Although the yeshiva as an institution is in some ways a continuation of the Talmudic Academies in Babylonia, large scale educational institutions of this kind were not characteristic of the North African and Middle Eastern Sephardi Jewish world in pre-modern times: education typically took place in a more informal setting in the synagogue or in the entourage of a famous rabbi. In medieval Spain and immediately following the expulsion in 1492 there were some schools which combined Jewish studies with sciences such as logic and astronomy, similar to the contemporary Islamic madrasas. In nineteenth-century Jerusalem a college was typically an endowment for supporting ten adult scholars rather than an educational institution in the modern sense; towards the end of the century a school for orphans was founded providing for some rabbinic studies.[2] Early educational institutions on the European model were Beth Zilkha founded in 1870s Iraq and Porat Yosef Yeshiva founded in Jerusalem in 1914. Also notable is the Bet El yeshiva founded in 1737 in Jerusalem for advanced Kabbalistic studies. Later Sephardic yeshivot are usually on the model either of Porat Yosef or of the Ashkenazi institutions.

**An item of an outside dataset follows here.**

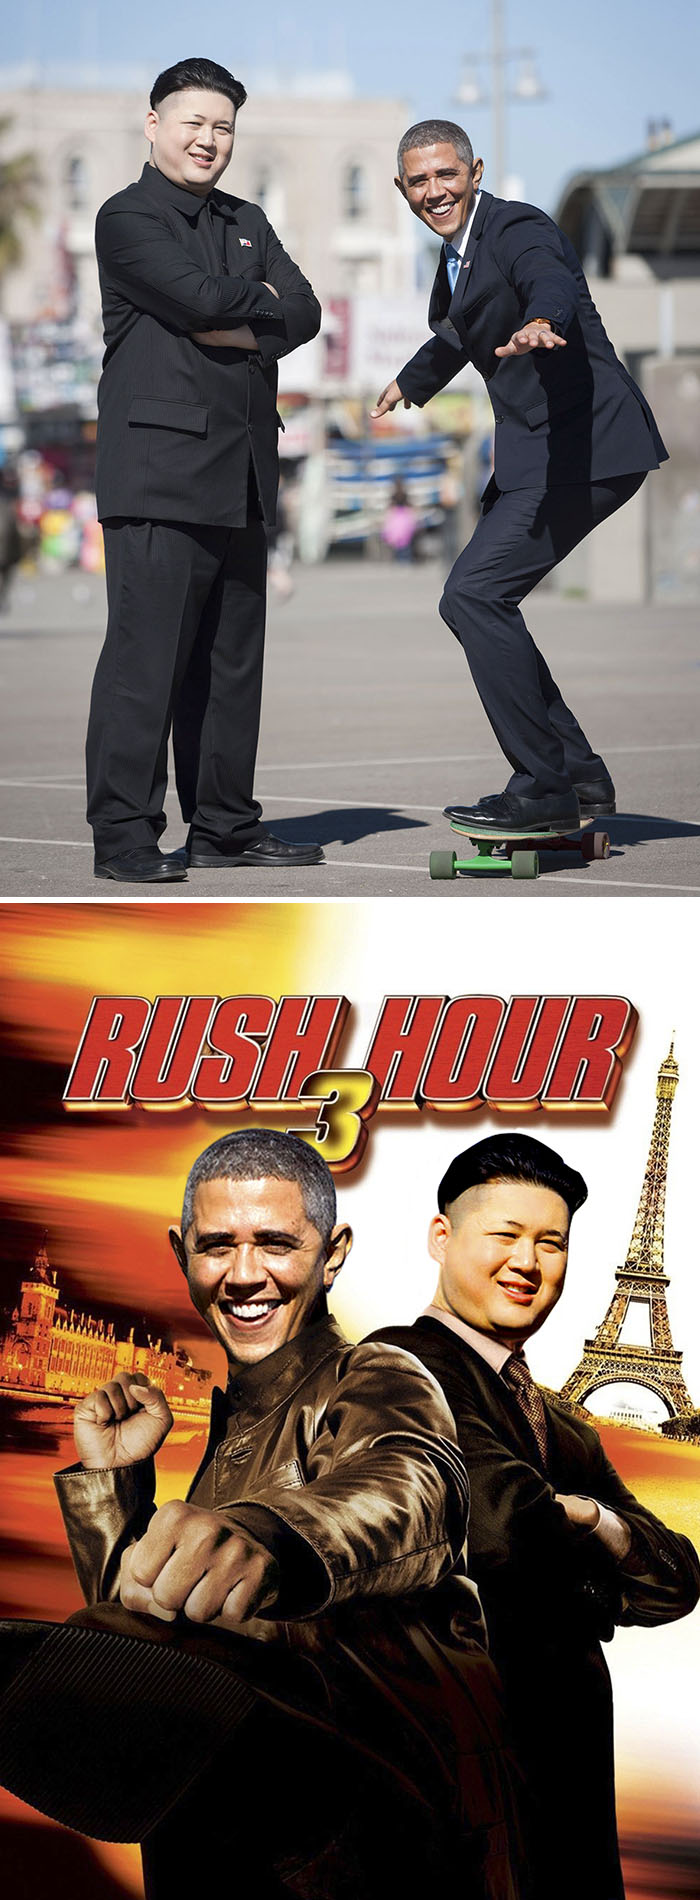 Barack Obama And Kim Jong Un Lookalikes

The Sephardic world has traditionally placed the study of esoteric Jewish mysticism (Kabbalah) in a more mainsteam position that in the European Ashkenazi world. This difference of emphasis arose in reaction to the historical events of the Sabbatean heresy in the 17th Century, that suppressed widespead study of Kabbalah in Europe in favour of the strength of Rabbinic Talmudic study. In Eastern European Lithuanian life, Kabbalah was reserved for an intellectual elite, while the mystical revival of Hasidism articulated Kabbalistic theology through Hasidic thought. These factors did not affect the Sephardi Jewish world, which retained a wider connection to Kabbalah in its traditionally observant communities. With the establishment of Sephardi yeshivas in Israel, after the immigration of the Arabic Jewish communities there, some Sephardi yeshivas incorporated study of more accessible Kabbalistic texts into their curriculum. Nonetheless, the European prescriptions to reserve advanced Kabbalistic study to mature and elite students also influence the choice of texts in such yeshivas.

Types of yeshivot[]

There are a few types of yeshivot:

  1. Yeshiva ketana ("junior yeshiva") - Many yeshivot ketanot in Israel and some in the Diaspora do not have a secular course of studies and all students learn Judaic Torah studies full-time.
  2. Yeshiva High School - Also called Mesivta or Mechina or Yeshiva Gedolah, combines the intensive Jewish religious education with a secular high school education. The dual curriculum was pioneered by the Manhattan Talmudical Academy of Yeshiva University (now known as Marsha Stern Talmudical Academy) in 1916.
  3. Mechina - For Israeli high-school graduates who wish to study for one year before entering the army.
  4. Beth Medrash - For high school graduates, and is attended from one year to many years, dependent on the career plans and affiliation of the student.
  5. Yeshivat Hesder - Yeshiva that has an arrangement with the Israeli Defense Forces by which the students enlist together in the same unit and, as much as is possible serve in the same unit in the army. Over a period of about 5 years there will be a period of service starting in the second year of about 16 months. There are different variations. The rest of the time will be spent in compulsory study in the yeshiva.
  6. Kollel - Yeshiva for married adults. The kollel idea, though having its intellectual roots traced to the Torah, is a relatively modern innovation of 19th century Europe. Often, a kollel will be in the same location as the yeshiva.
  7. Baal teshuva yeshivot catering to the needs of the newly-Orthodox. The best-known are Ohr Somayach, Aish HaTorah, and Hadar Hatorah.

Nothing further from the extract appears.